I want to tell you a story about a man who I think is one of the most underappreciated people in the history of technology. Not because he invented a machine that changed the world, but because he’s given us a way of thinking about the future that may save us all.
Roy Amara was born in Boston in 1925. After graduating high school in 1942 he cut his engineering course short to serve in the US Navy during the Second World War. With the war over and having been honourably discharged, he finished his studies at MIT and completed a post-grad at Harvard, but his time in the Pacific Fleet had led to a love affair with California.
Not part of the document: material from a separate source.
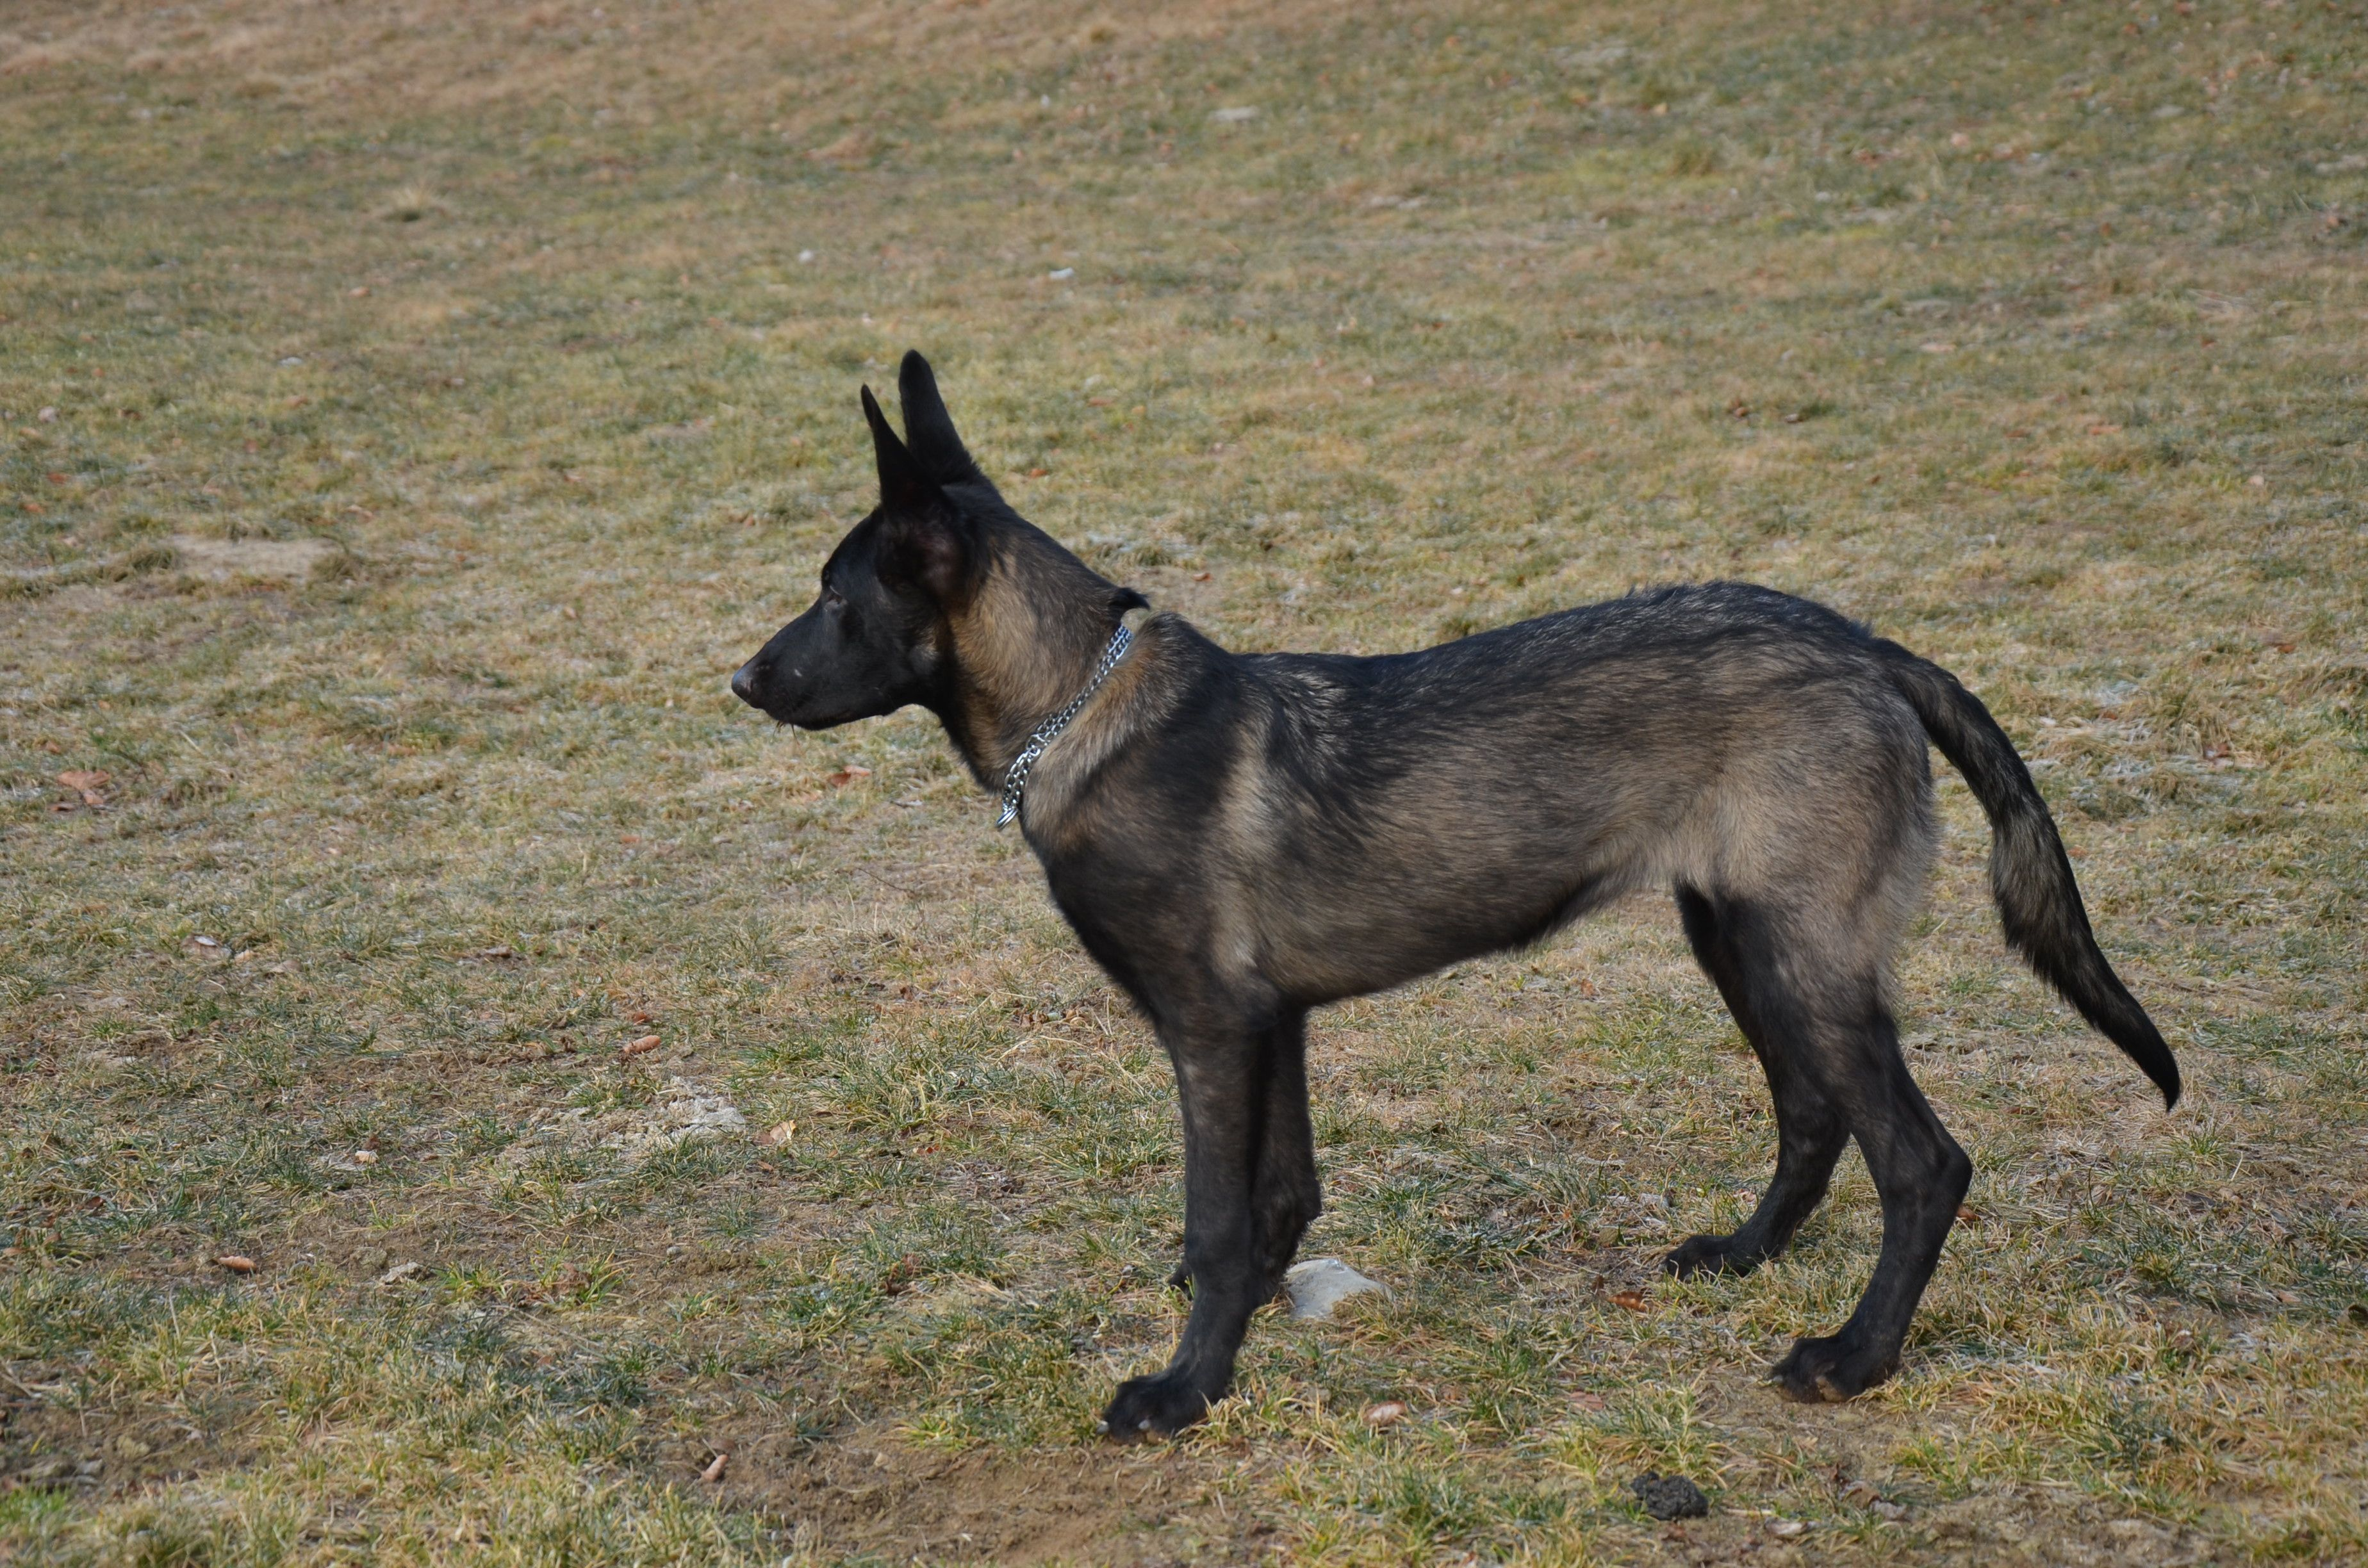 My Dog Plata Female Belgian Malinois Colour Dark Fawn Sable Age 6 Months Italy Belgianmalinois Malinois Malig Pastor Belga Malinois Pastor Belga Perros

It was this that led him, like many pioneers, to move west to find his destiny.
After a short stint as a high-school teacher, Amara joined the Stanford Research Institute (SRI), founded in 1946 as a non-profit think-tank set up as an R&D lab looking at the huge influx of new technologies that emerged in the wake of the war.
He spent 18 years at the SRI, which in that time invented the (computer) mouse, the idea of videoconferencing, and became one of the first nodes connected to ARPANET – the proto-internet developed to connect scientists and researchers across America.
By the late 1960s, it was clear that the world was struggling to keep-up with the pace of technological change. Society at large was becoming fearful of the direction that advancements and science and technology were taking us. From the mutually assured destruction of nuclear weapons and the close connection between technological advances and war, to conservative dismay at the sexual revolution sparked by the invention of the contraceptive pill. The latter half of the decade marked the end of a period of unabashed enthusiasm for science and technology, despite being capped by one of humankind’s greatest achievements.
It was at this time that Amara and a group of his contemporaries reasoned that fear is a natural reaction when our environment changes around us faster than we are able to adjust to it, and that when we’re afraid, we are at risk of adapting in destructive ways. Their belief was that the most effective way to prevent this was to give us the tools to plan for it, but to do that, we have to find a way to look into the future and try to work out where we’re going.